研究課題/領域番号 |
15K06759
|
研究機関 | 東京医科大学 |
研究代表者 |
原 由紀子 東京医科大学, 医学部, 准教授 (40313267)
|
研究分担者 |
菅間 博 杏林大学, 医学部, 教授 (10195191)
矢澤 卓也 千葉大学, 医学(系)研究科(研究院), 准教授 (50251054)
千葉 知宏 杏林大学, 医学部, 助教 (60398617)
佐藤 華子 聖マリアンナ医科大学, 医学部, 助教 (60438132)
石井 順 杏林大学, 医学部, 研究員 (80749599)
|
研究期間 (年度) |
2015-04-01 – 2018-03-31
|
キーワード | 進行性多巣性白質脳症 / JCウイルス / PML-NBs / 細胞周期 / 腫瘍抑制 |
研究実績の概要 |
進行性多巣性白質脳症は、JCウイルス感染による脱髄脳症である。JCウイルスは多くのヒトに潜伏・持続感染し、免疫能の低下した宿主で再活性化する。近年我々は、JCウイルスが、乏突起膠細胞のPML-NBs(promyelocytic leukemia nuclear bodies)と呼ばれる核内ドメインを標的に感染することを明らかにした(Shishido-Hara et al, JV 2004, Shishido-Hara et al, JNEN 2008,他)。PML-NBsは急性前白血病で発見されたドット状の核内構造で、p53などの腫瘍抑制因子、転写因子など80種以上の蛋白が局在し、腫瘍抑制やアポトーシス、細胞周期制御などの機能に関与する。さらにPML-NBsは、ウイルス複製に必須ではないが、宿主細胞の変性に重要な役割を果たす可能性が高い(Shishido-Hara et al, AJP 2012)。
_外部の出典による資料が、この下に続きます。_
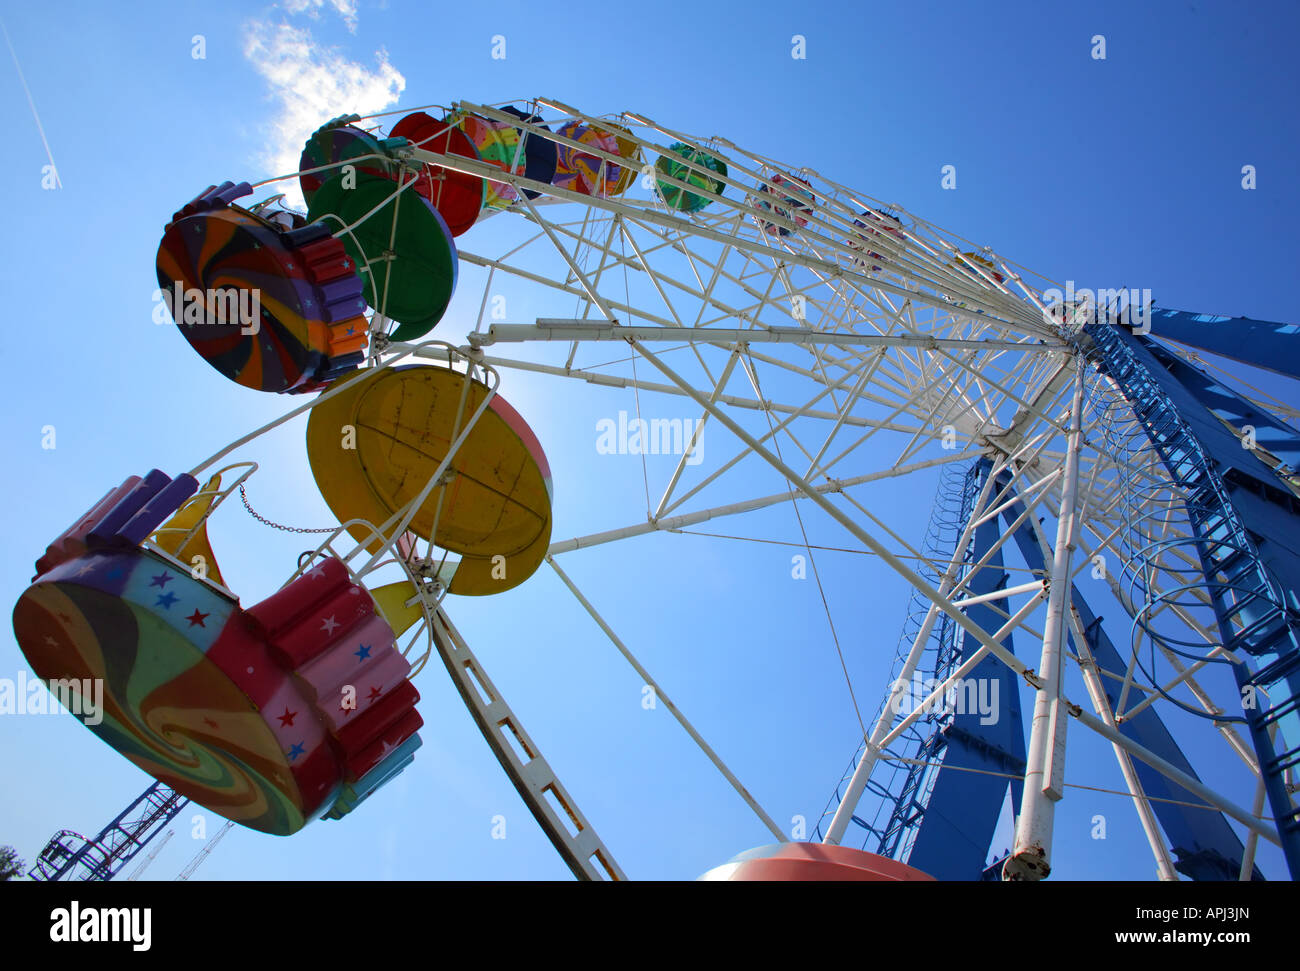 Ferris wheel at Divo ostrov russia Stock Photo
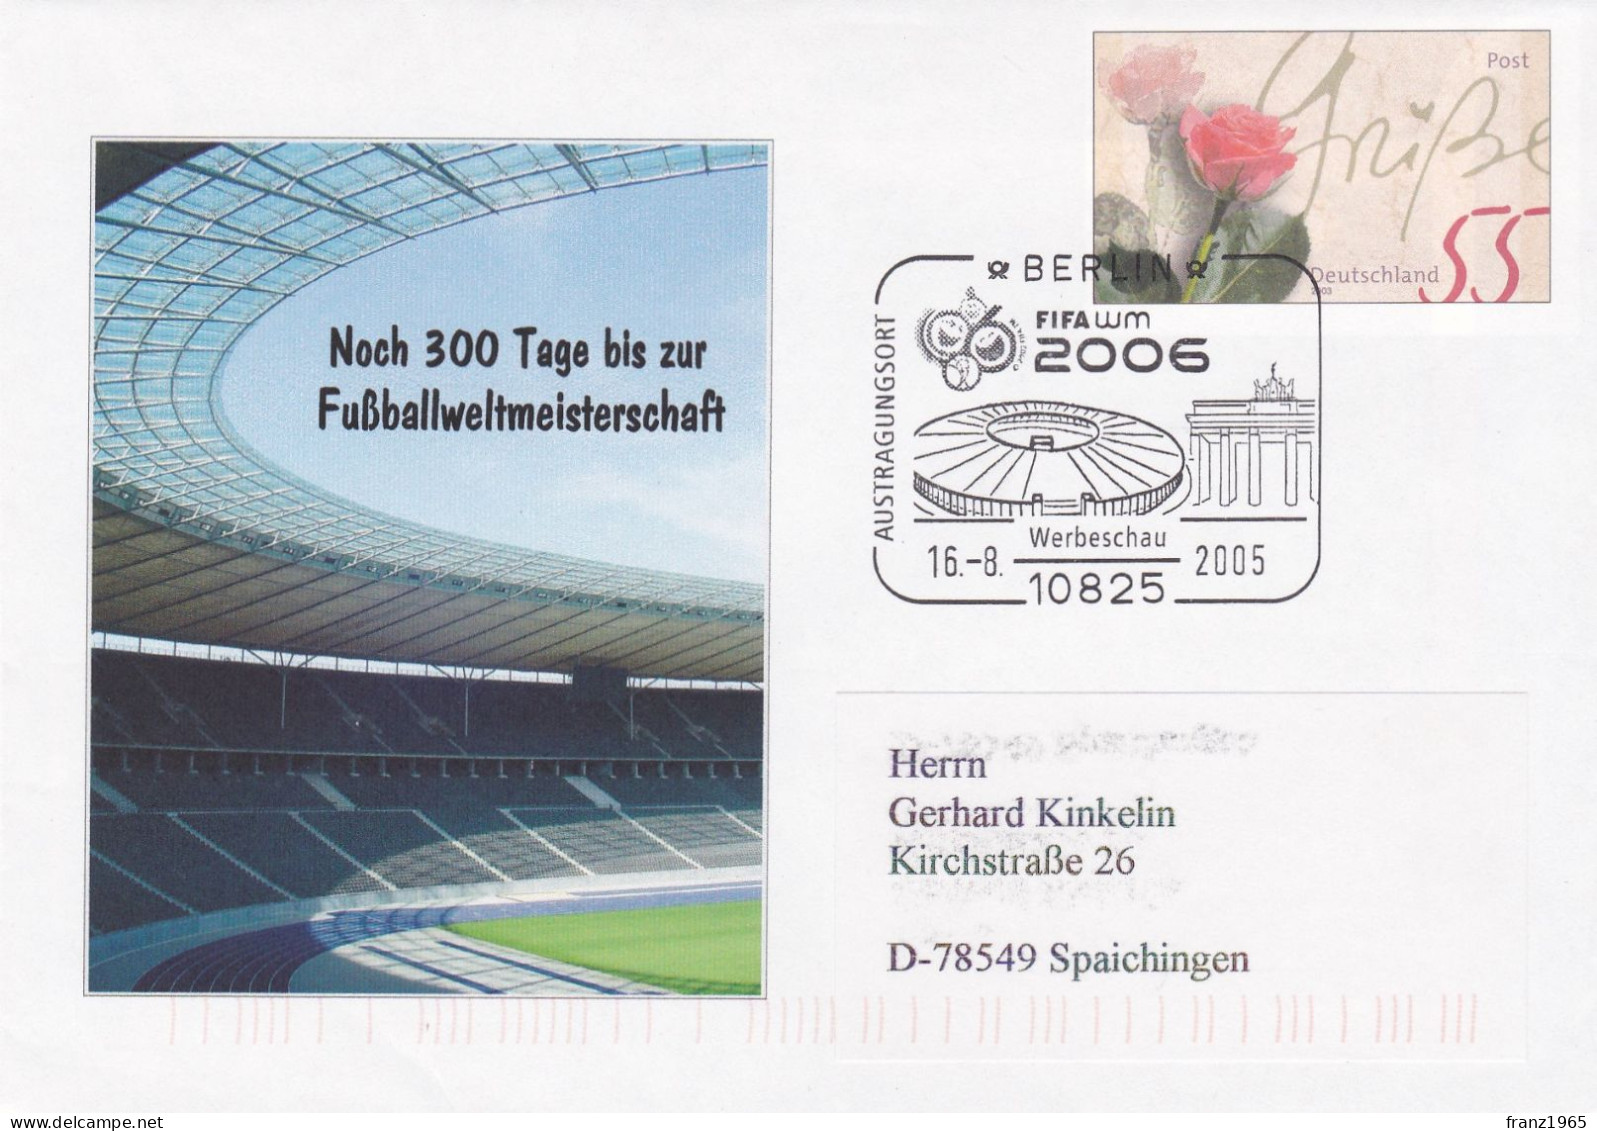 FIFA-WM 2006 - Berlin,16.8.2005 - 2006 – Duitsland

本研究の目的は、JCウイルス感染が誘導するPML-NBsの変化を、人体組織と培養細胞レベルで解明し、ウイルス感染が誘導する細胞変性・腫瘍化の機序を明らかにすることである。 本年度の成果として、ウイルス後期領域のコードされるagnoproteinの重要性が示唆された。具体的に、感染細胞の細胞周期はS期からG2期へと移行するが、この過程でPML-NBsは腫大化して発達する。agnoproteinの欠失ウイルスでは、PML-NBsへのウイルスたんぱくの集積が起こらず、その後の細胞変性もおこらないことから、agnoprotteinが何らかの機序でPML-NBsの機能に関与し、細胞変性・腫瘍化を促す可能性があると考えられた。これを証明する為、現在、agnoprotein欠失状態でのPML-NBsの構成蛋白をアレイ解析するべく準備を進めている。
|
現在までの達成度 (区分) |
現在までの達成度 (区分)
2: おおむね順調に進展している
理由
近年、Translational researchが重要視されているが、培養細胞からヒト組織に至るまで一貫性のある研究データを得ることは極めて難しい。本研究では、ヒト脳組織標本を解析すると同時に、これより得られた知見をin vitroで遺伝子変異を導入してメカニズムの解明を試みている。現在のところ、ヒト脳組織と培養細胞において矛盾のない結果が得られているという点で、順調に研究が進行していると言える。
|
今後の研究の推進方策 |
我々は既に、ヒト脳組織におけるウイルス感染細網のモデルとなるシステムを樹立している。培養細胞においても、ウイルス蛋白はPML-NBsに集積し、この核内構造を足場にウイルス粒子が形成される。本研究の次のステップとして、ヒト脳腫瘍組織から樹立された培養細胞にてウイルス蛋白を強制発現し、agnoproteinの有無で異なる可能性のあるPML-NBsの構成蛋白成分をアレイ比較するべく、RNAを抽出した。現在、比較検討を進めている。
|
次年度使用額が生じた理由 |
初年度は、進行性多巣性白質脳症とPML-NBsの役割について、幸いにも既に得られたデータで小さな原稿をまとめることができた。これをいくつかの雑誌に投稿したが、残念ながらまだ受理にいたっていない。受理された場合に、出版にかかる費用が必要であったことから、また実験よりも論文執筆に追われていたことなどから、次年度使用額が生じてしまった。
|
次年度使用額の使用計画 |
次年度は、投稿中の原稿を出版し、かつ実験も再開させる予定である。